Let $\struct {V, \norm \cdot_V}$ and $\struct {U, \norm \cdot_U}$ be normed vector spaces.

Let $A : V \to U$ be a linear transformation.

We say that $A$ is a bounded linear transformation if and only if:

there exists $c > 0$ such that $\norm {A v}_U \le c \norm v_V$ for each $v \in V$.

### Inner Product Space

Let $\struct {V, \innerprod \cdot \cdot_V}$ and $\struct {U, \innerprod \cdot \cdot_U}$ be inner product spaces.

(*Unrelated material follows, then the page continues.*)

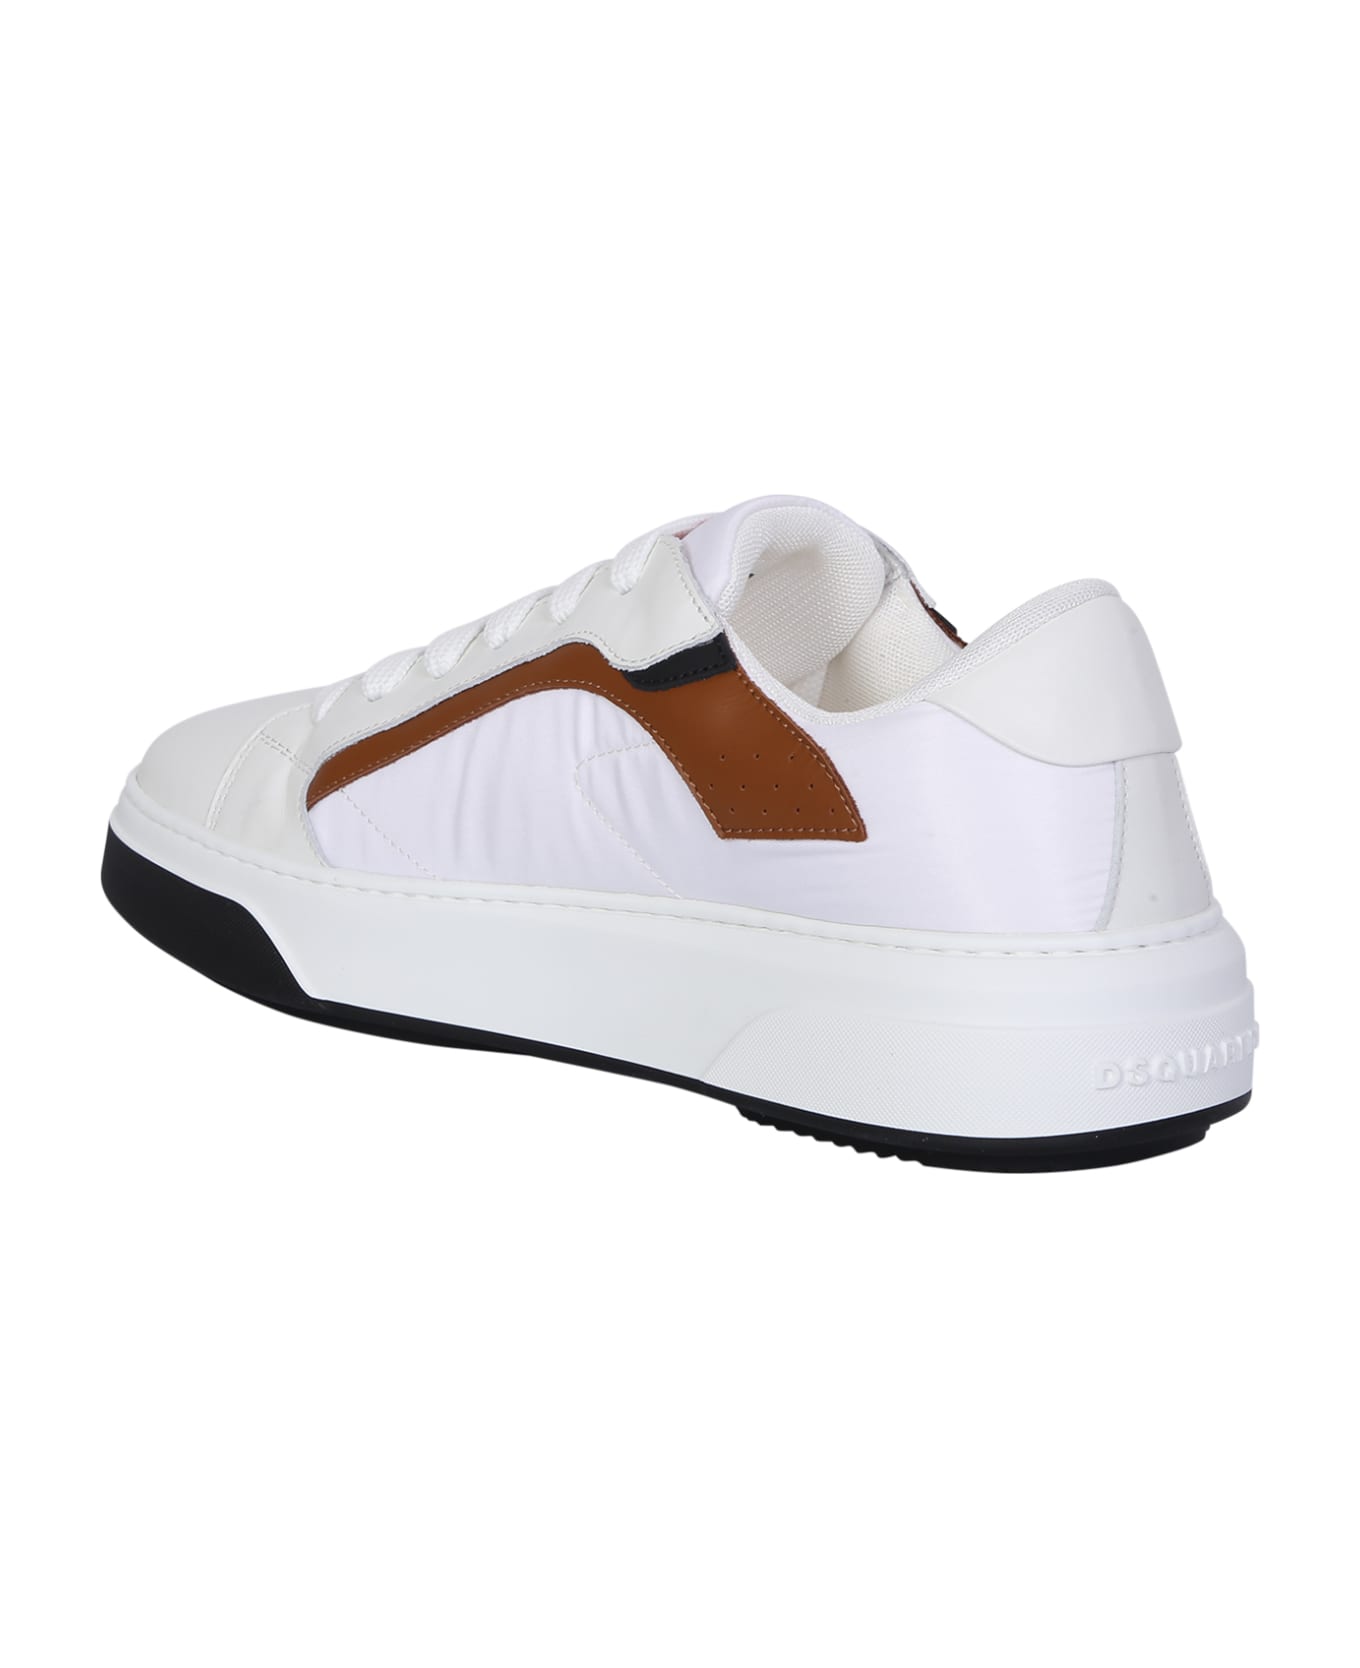 Dsquared2 Nylon White Sneakers - White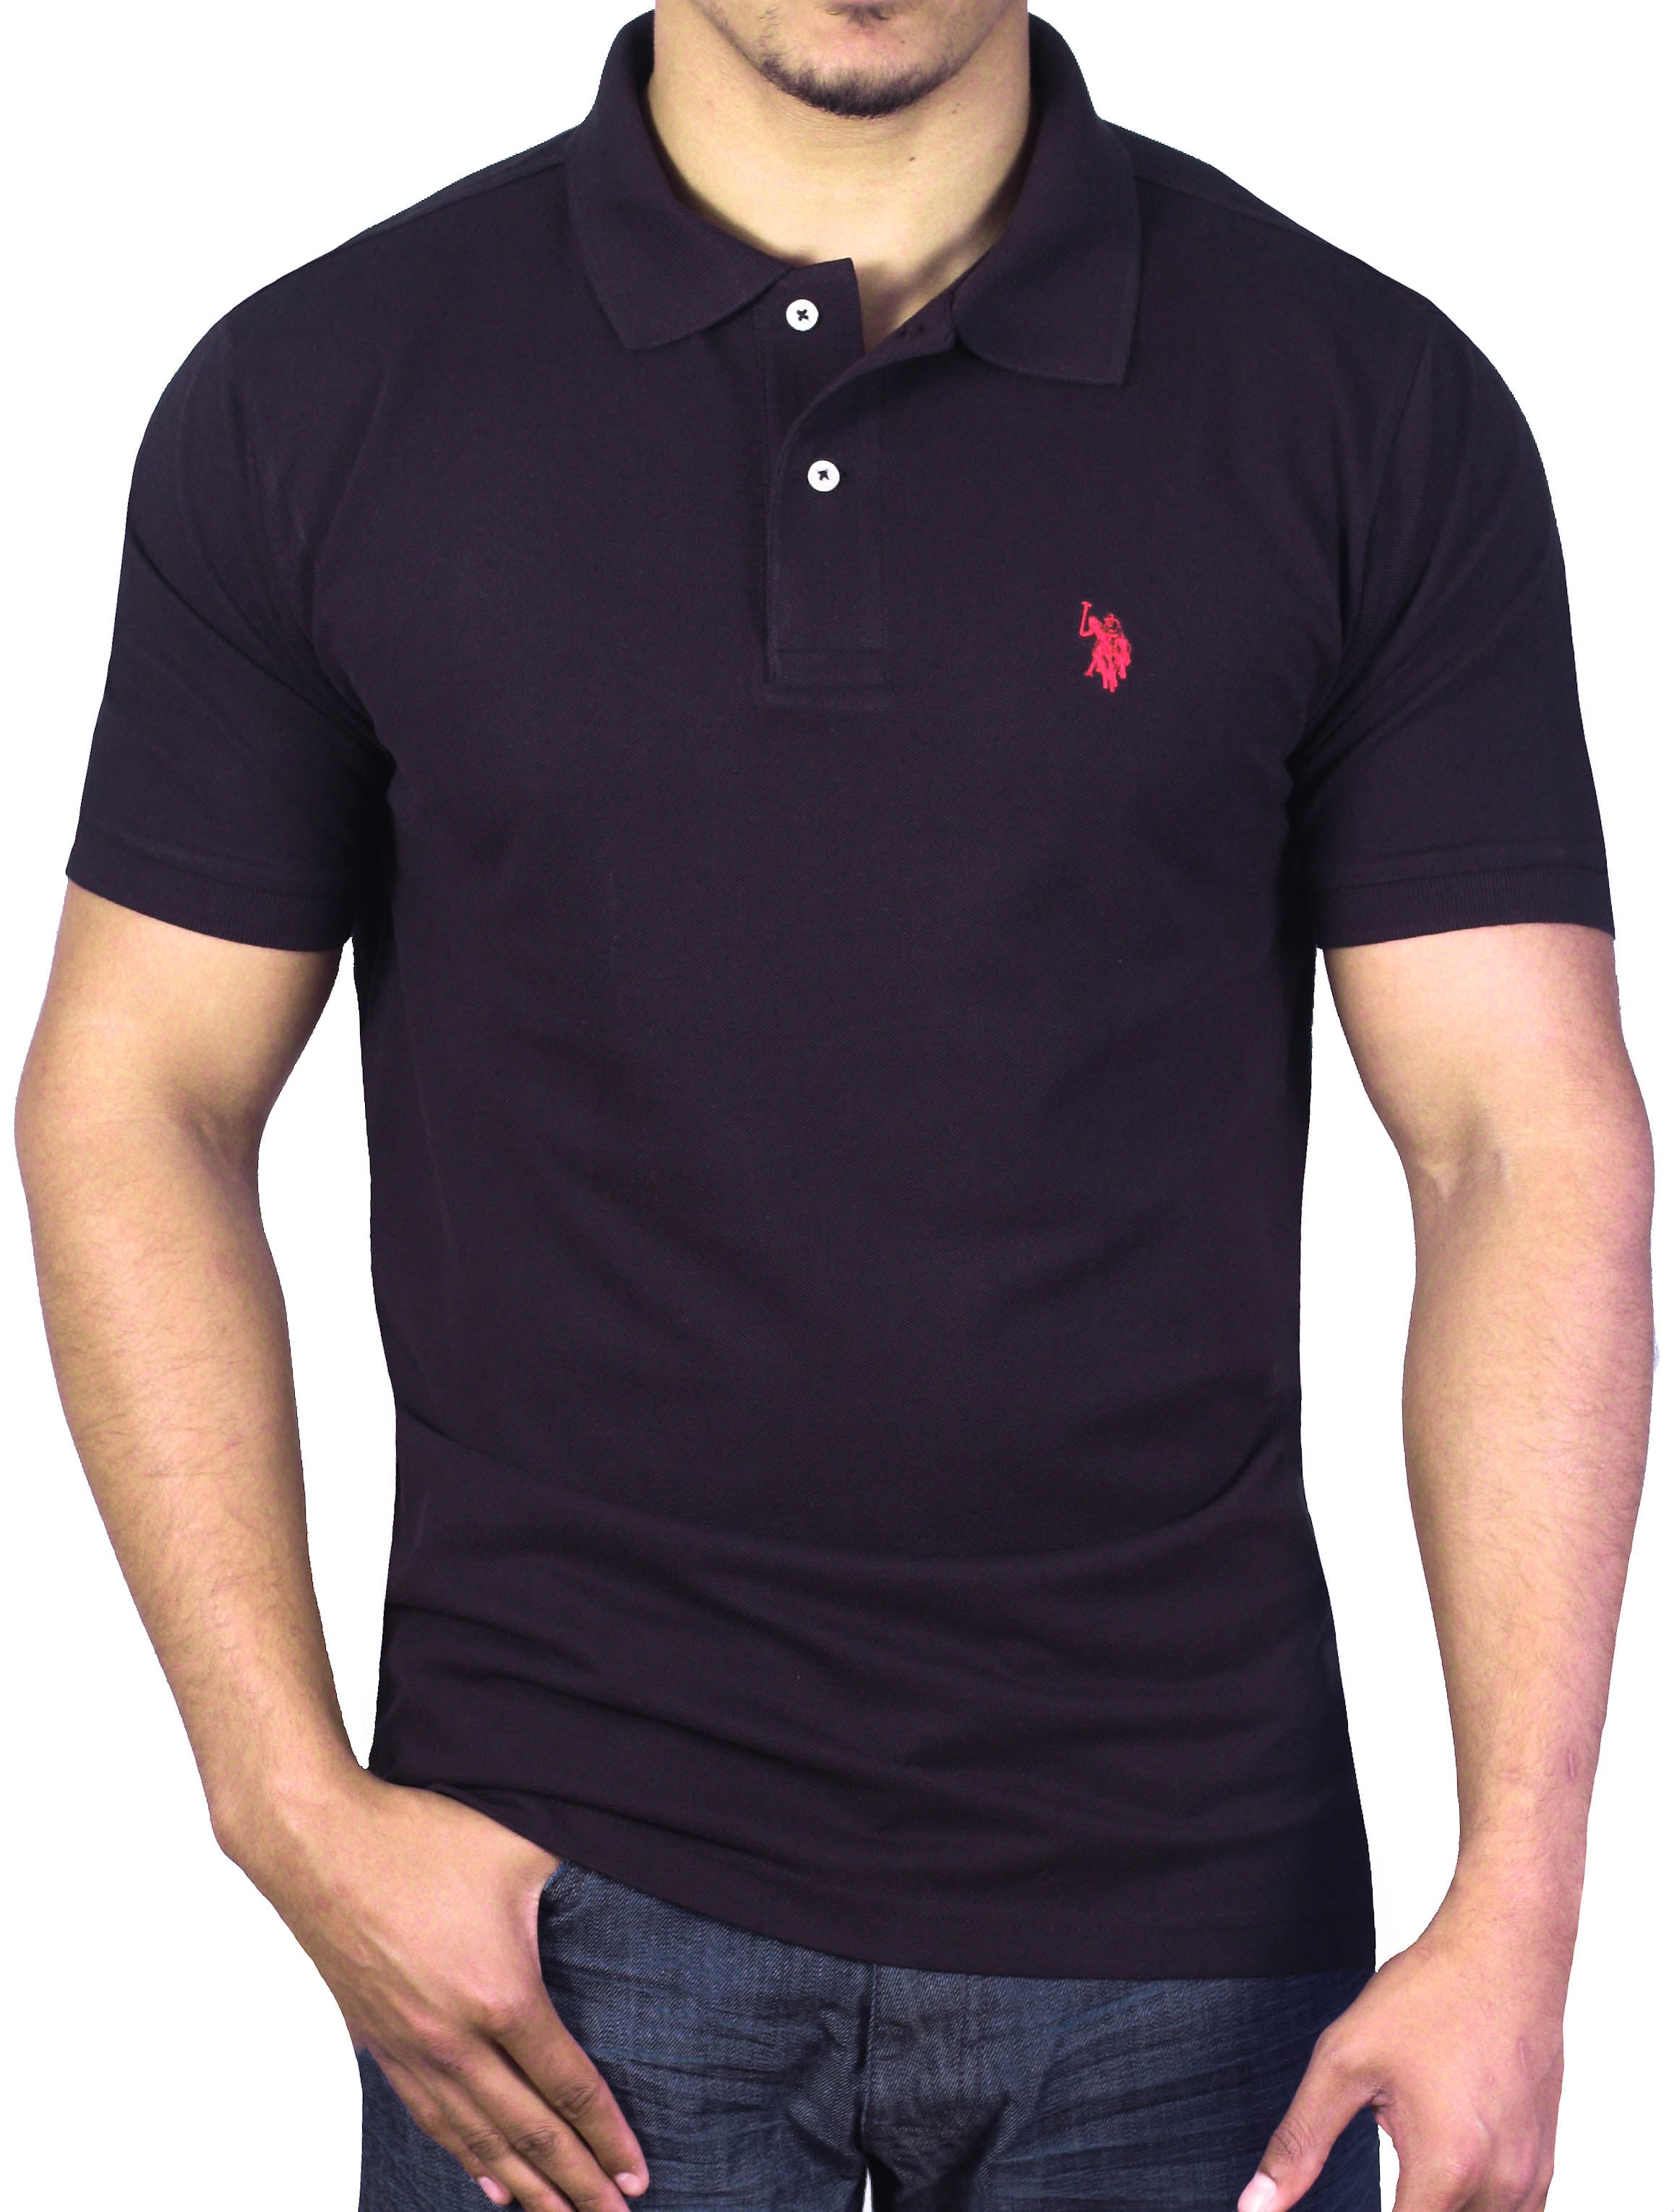 US Polo Assn. - U.S. Polo Assn. Men's Pique Small Logo Polo Shirt ...

Let $\norm \cdot_V$ and $\norm \cdot_U$ be the inner product norms of $V$ and $U$ respectively.

Let $A : V \to U$ be a linear transformation.

We say that $A$ is a bounded linear transformation if and only if:

there exists $c > 0$ such that $\norm {A v}_U \le c \norm v_V$ for each $v \in V$.

### Topological Vector Space

Let $\GF \in \set {\R, \C}$.

Let $X$ and $Y$ be topological vector spaces over $\GF$.

Let $T : X \to Y$ be a linear transformation.

We say that $T$ is a bounded linear transformation if and only if:

for each von Neumann-bounded subset $E$ of $X$, $T \sqbrk E$ is von Neumann-bounded.